Assignment –
Starting with the line below that holds "PROSPECTIVE APPLICANTS for" and stopping after the line that holds "GirlZone My Cutie", transcribe the lines exactly, leaving out all pictures.

Dataset records –
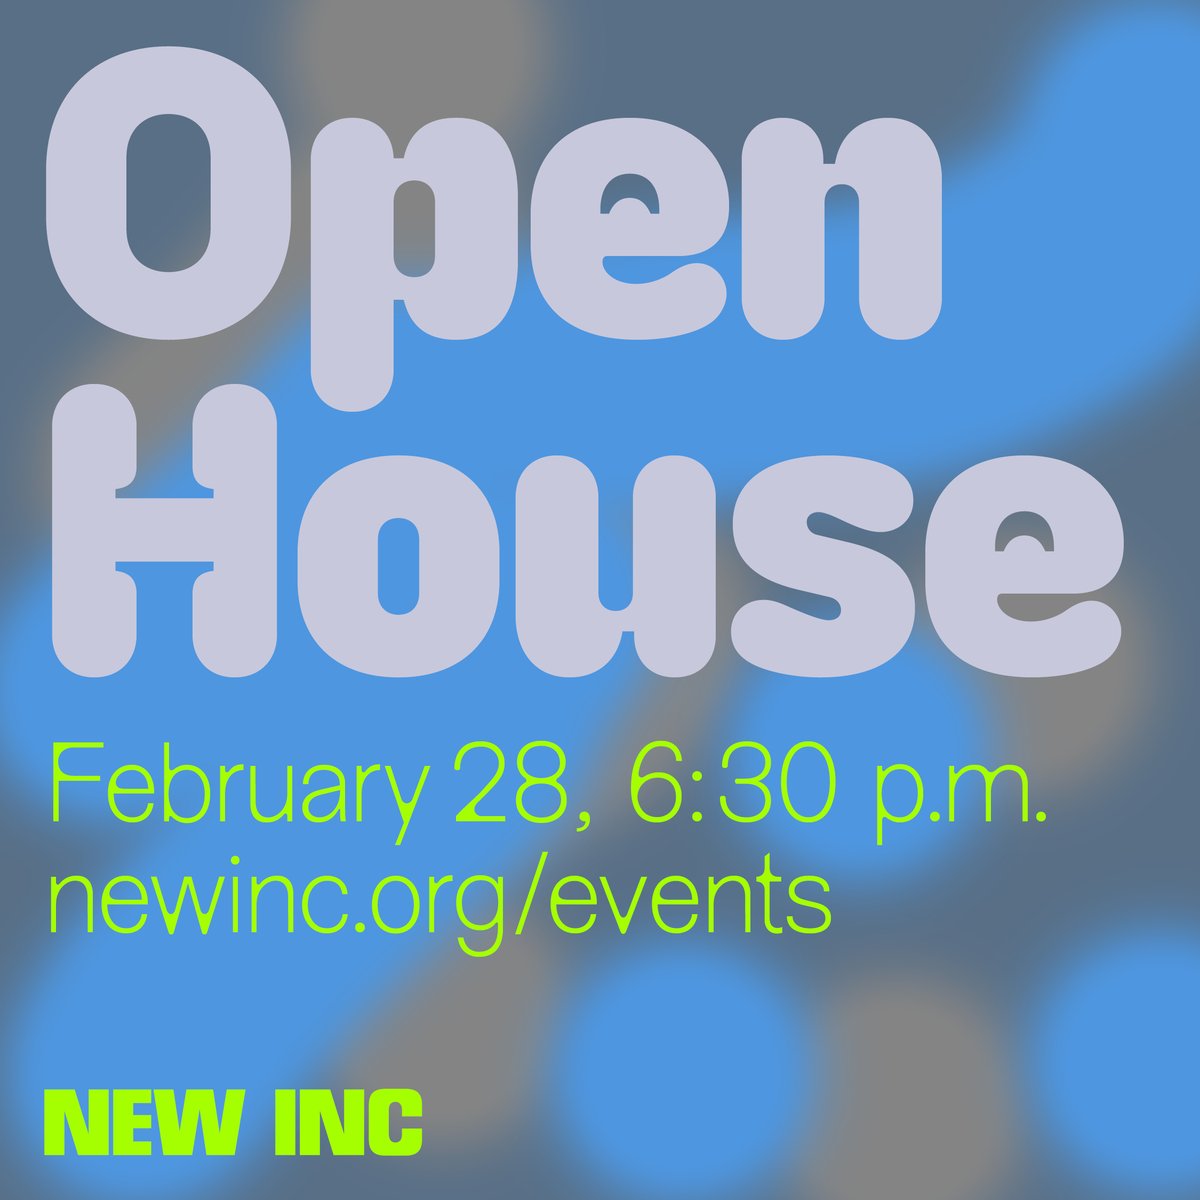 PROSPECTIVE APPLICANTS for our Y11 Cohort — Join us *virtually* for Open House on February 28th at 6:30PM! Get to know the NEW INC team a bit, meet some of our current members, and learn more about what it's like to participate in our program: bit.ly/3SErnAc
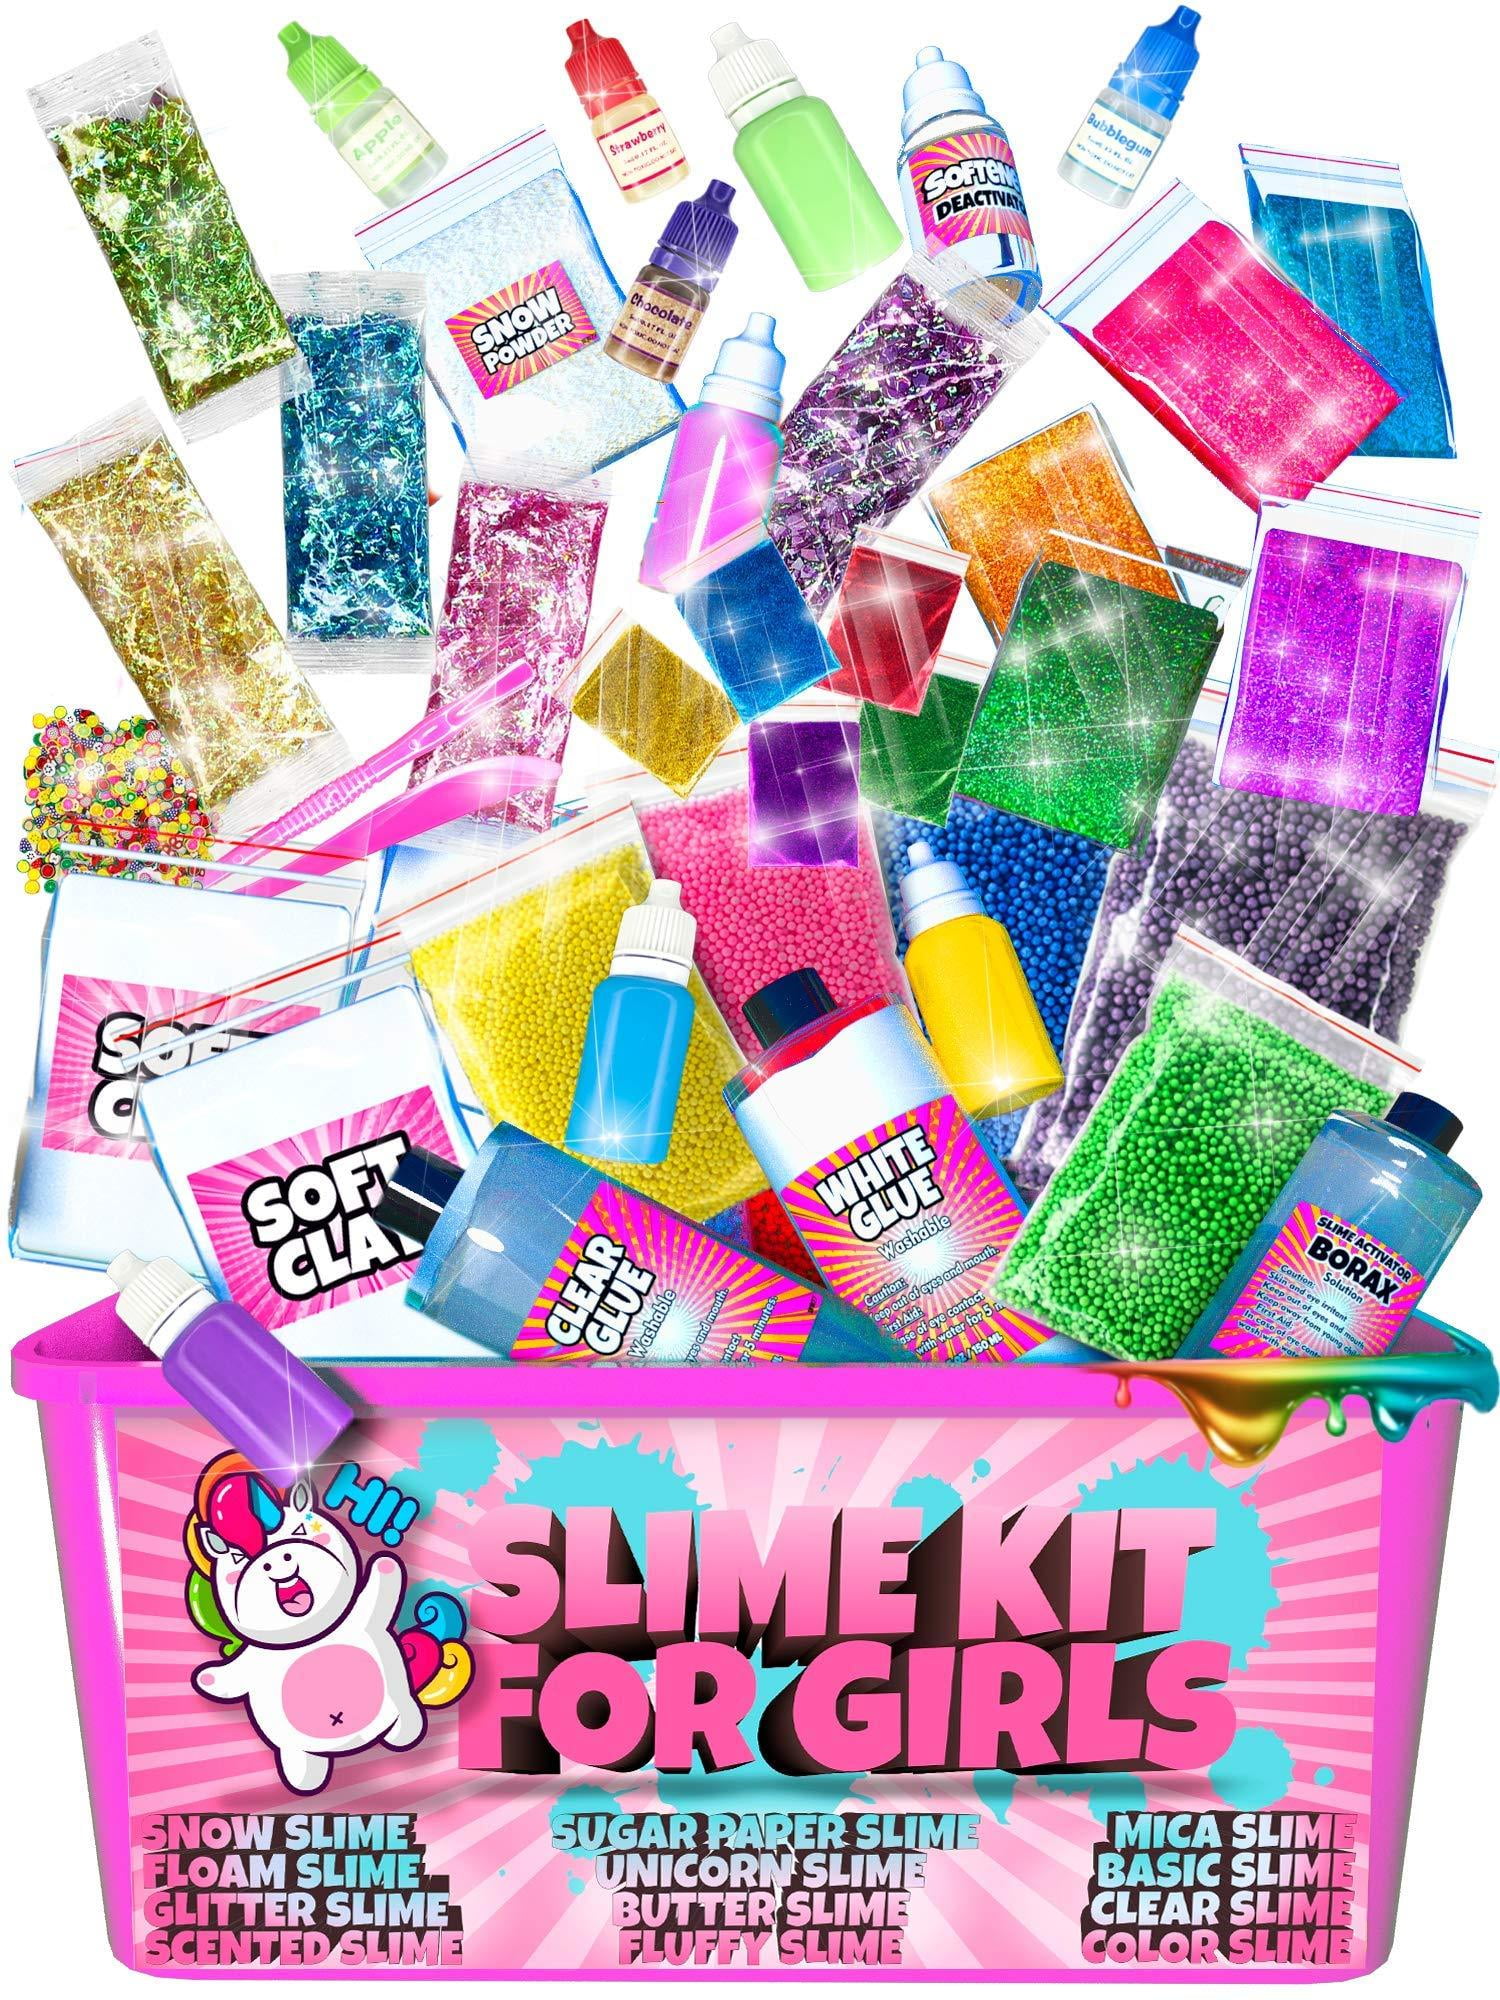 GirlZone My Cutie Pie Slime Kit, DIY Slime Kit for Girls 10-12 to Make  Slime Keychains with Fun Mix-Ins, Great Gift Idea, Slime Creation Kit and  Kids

---

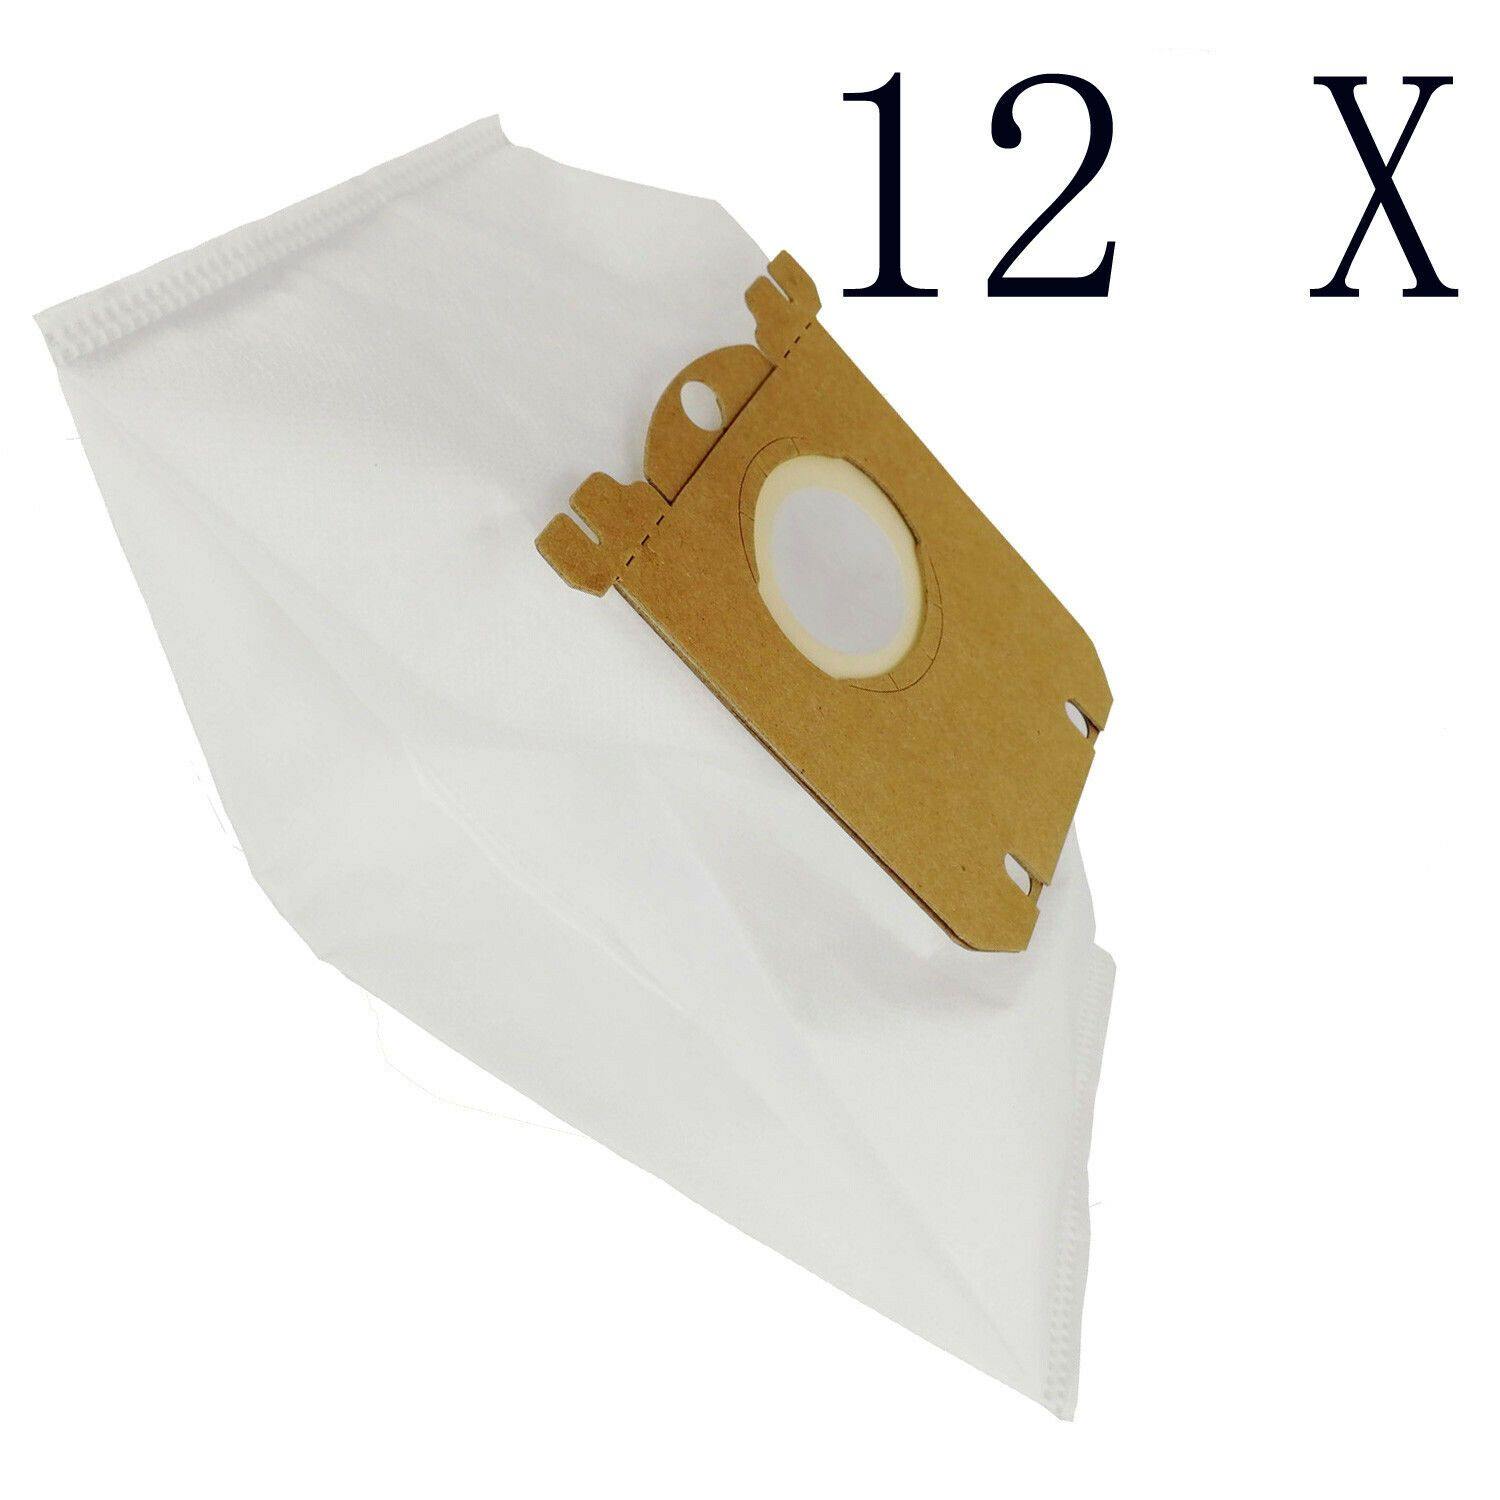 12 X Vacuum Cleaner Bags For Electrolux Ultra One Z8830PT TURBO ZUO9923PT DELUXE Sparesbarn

Output of the task –
 PROSPECTIVE APPLICANTS for our Y11 Cohort — Join us *virtually* for Open House on February 28th at 6:30PM! Get to know the NEW INC team a bit, meet some of our current members, and learn more about what it's like to participate in our program: bit.ly/3SErnAc
 GirlZone My Cutie Pie Slime Kit, DIY Slime Kit for Girls 10-12 to Make  Slime Keychains with Fun Mix-Ins, Great Gift Idea, Slime Creation Kit and  Kids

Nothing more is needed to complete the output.